I.e. 6 out of seven devices are being dropped with one kept as a raid0 leg (i.e. a linear layout) in the takeover:

# uname -r
4.18.0-372.3.1.el8.x86_64

# Running on virtio-scsi devices, ^ kernel doesn't oops (loop issue, we've seen those before?)

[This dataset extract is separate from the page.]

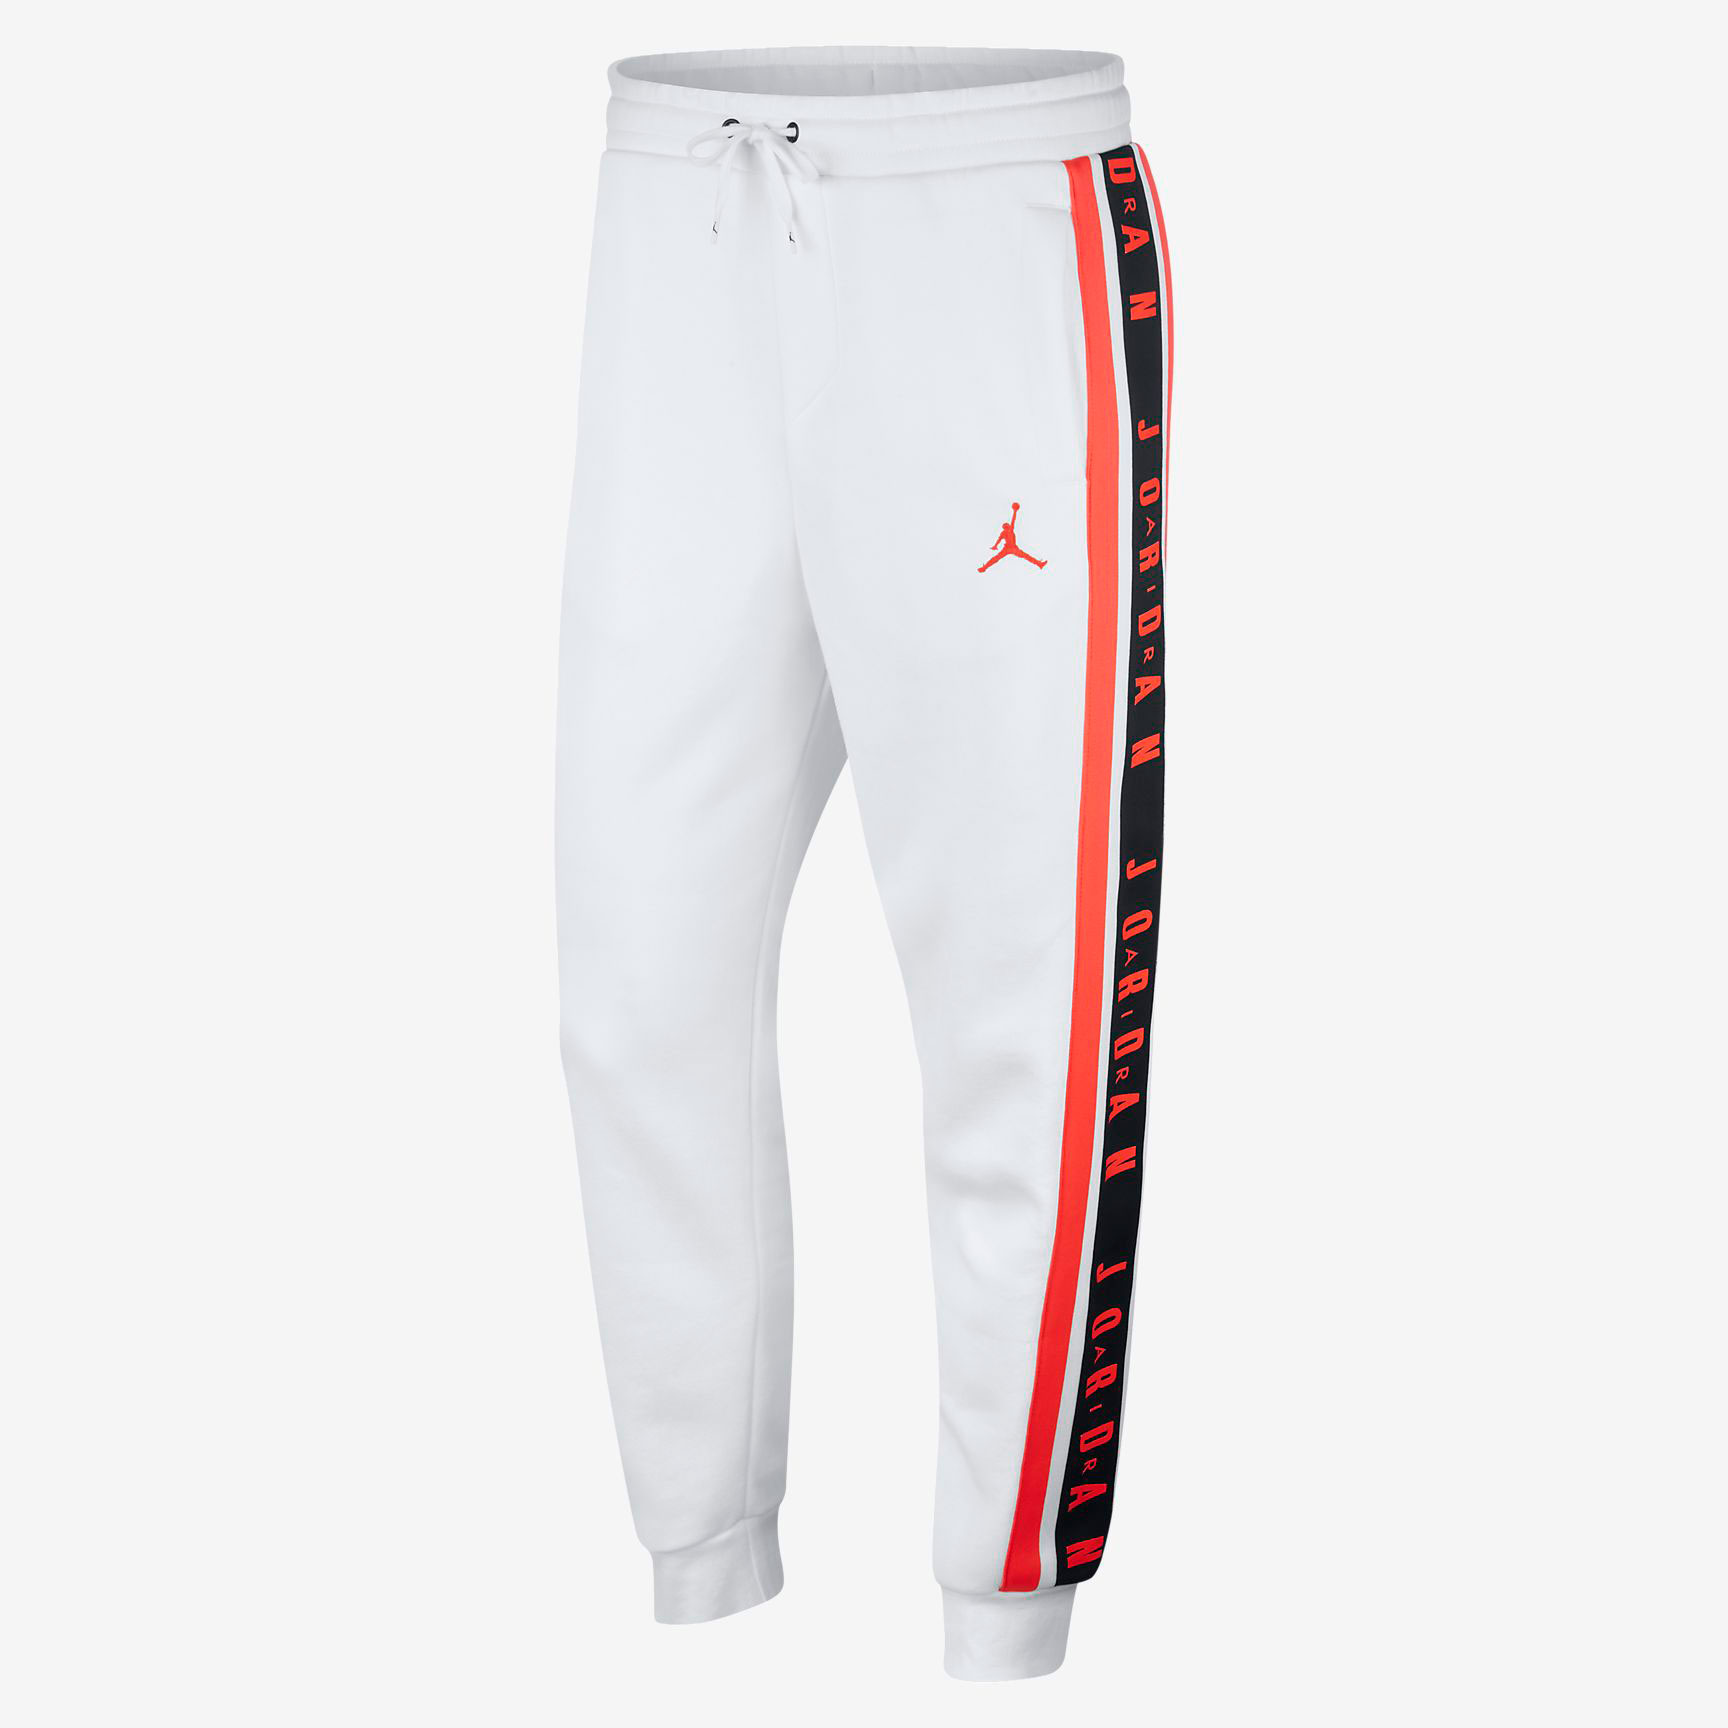 Jordan Air Fleece Pants for Fall 2019 | SneakerFits.com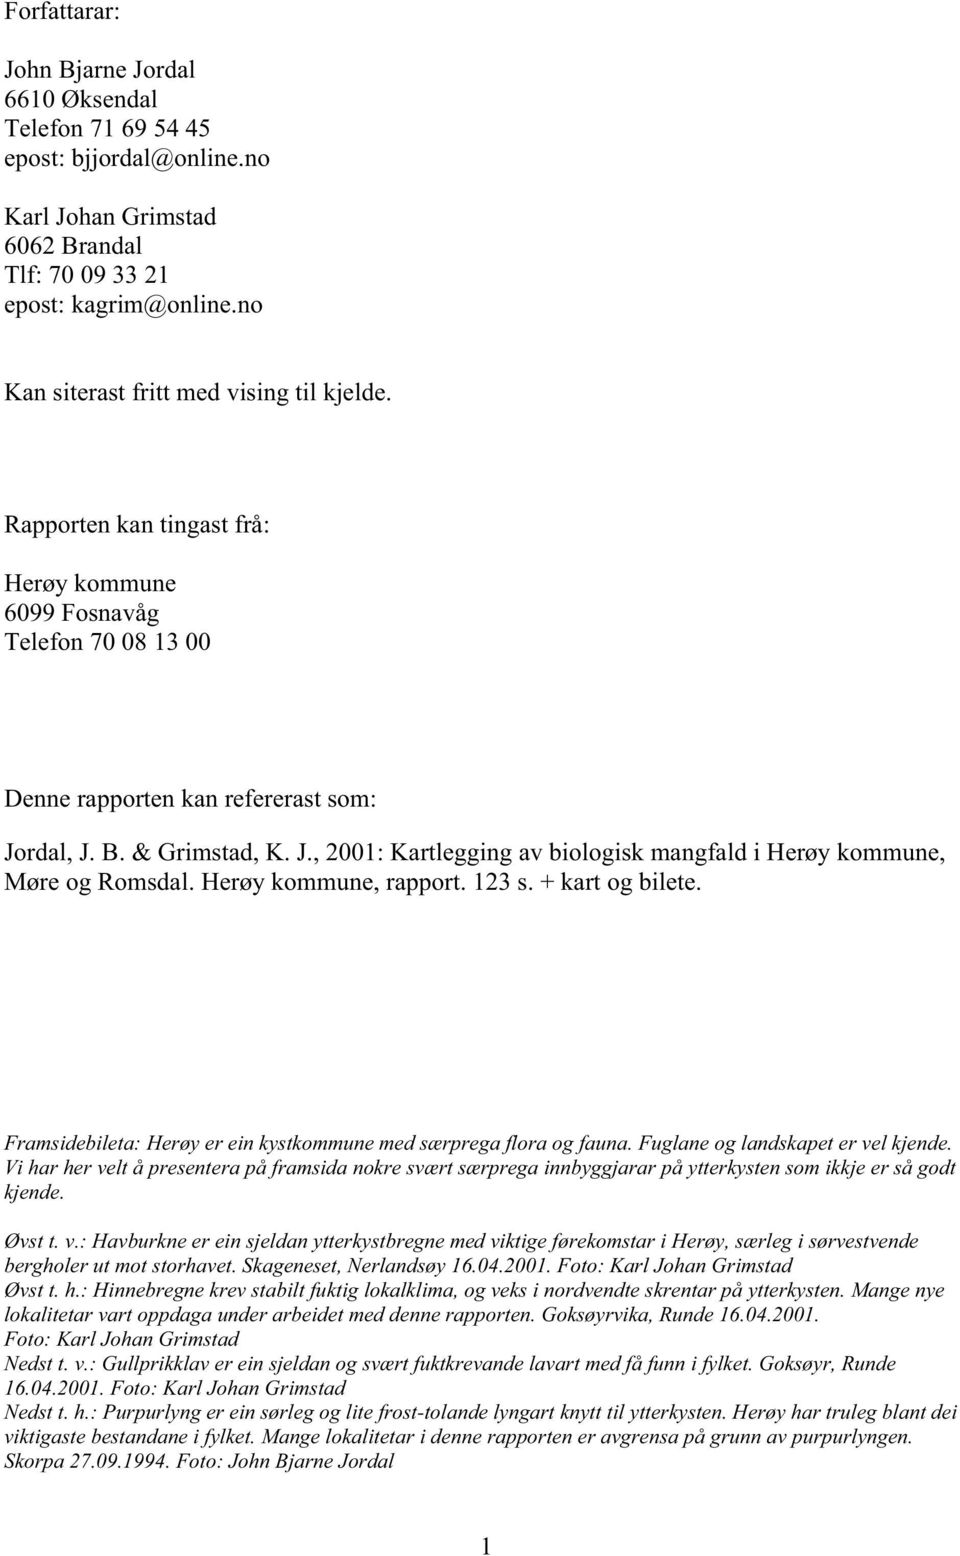 rdal, J. B. & Grimstad, K. J., 2001: Kartlegging av biologisk mangfald i Herøy kommune, Møre og Romsdal. Herøy kommune, rapport. 123 s. + kart og bilete.

# mdadm -C /dev/md0 -e 1.2 -l1 -n6 /dev/sd[a-f] -x 1 /dev/sdg  
mdadm: array /dev/md0 started.

# cat /proc/mdstat
Personalities : [raid1] [raid0] [raid6] [raid5] [raid4] 
md0 : active raid1 sdg[6](S) sdf[5] sde[4] sdd[3] sdc[2] sdb[1] sda[0]
      523264 blocks super 1.2 [6/6] [UUUUUU]
      [=================>...]  resync = 85.0% (445888/523264) finish=0.0min speed=222944K/sec
      
unused devices: <none>

# mkfs -t ext4 /dev/md0
# mount /dev/md0 /mnt
# dd if=/dev/urandom of=/mnt/testfile bs=1M count=100
100+0 records in
100+0 records out
104857600 bytes (105 MB, 100 MiB) copied, 0.287026 s, 365 MB/s

# df -h /mnt
Filesystem      Size  Used Avail Use% Mounted on
/dev/md0        487M  103M  356M  23% /mnt

# mdadm -G /dev/md0 -l0 --backup-file=tmp0
mdadm: level of /dev/md0 changed to raid0

# cat /proc/mdstat
Personalities : [raid1] [raid0] [raid6] [raid5] [raid4] 
md0 : active raid0 sde[4]
      523264 blocks super 1.2 64k chunks
      
unused devices: <none>

# ll /mnt
total 102414
drwx------. 2 root root     12288 Mar 30 08:15 lost+found
-rw-r--r--. 1 root root 104857600 Mar 30 08:15 testfile

# mdadm -G /dev/md0 -l0
mdadm: level of /dev/md0 changed to raid0

# cat /proc/mdstat
Personalities : [raid1] [raid0] [raid6] [raid5] [raid4] 
md0 : active raid0 sde[4]
      523264 blocks super 1.2 64k chunks
      
unused devices: <none>

Comment 14 Nigel Croxon 2022-05-02 16:08:25 UTC
Fix has been proposed upstream.
https://www.spinics.net/lists/raid/msg70201.html

Comment 16 Nigel Croxon 2022-05-24 18:48:04 UTC
Test kernel
https://brewweb.engineering.redhat.com/brew/taskinfo?taskID=45518198

Based on my list of patchset #23

Comment 21 RHEL Program Management 2023-08-25 07:28:24 UTC
After evaluating this issue, there are no plans to address it further or fix it in an upcoming release.  Therefore, it is being closed.  If plans change such that this issue will be fixed in an upcoming release, then the bug can be reopened.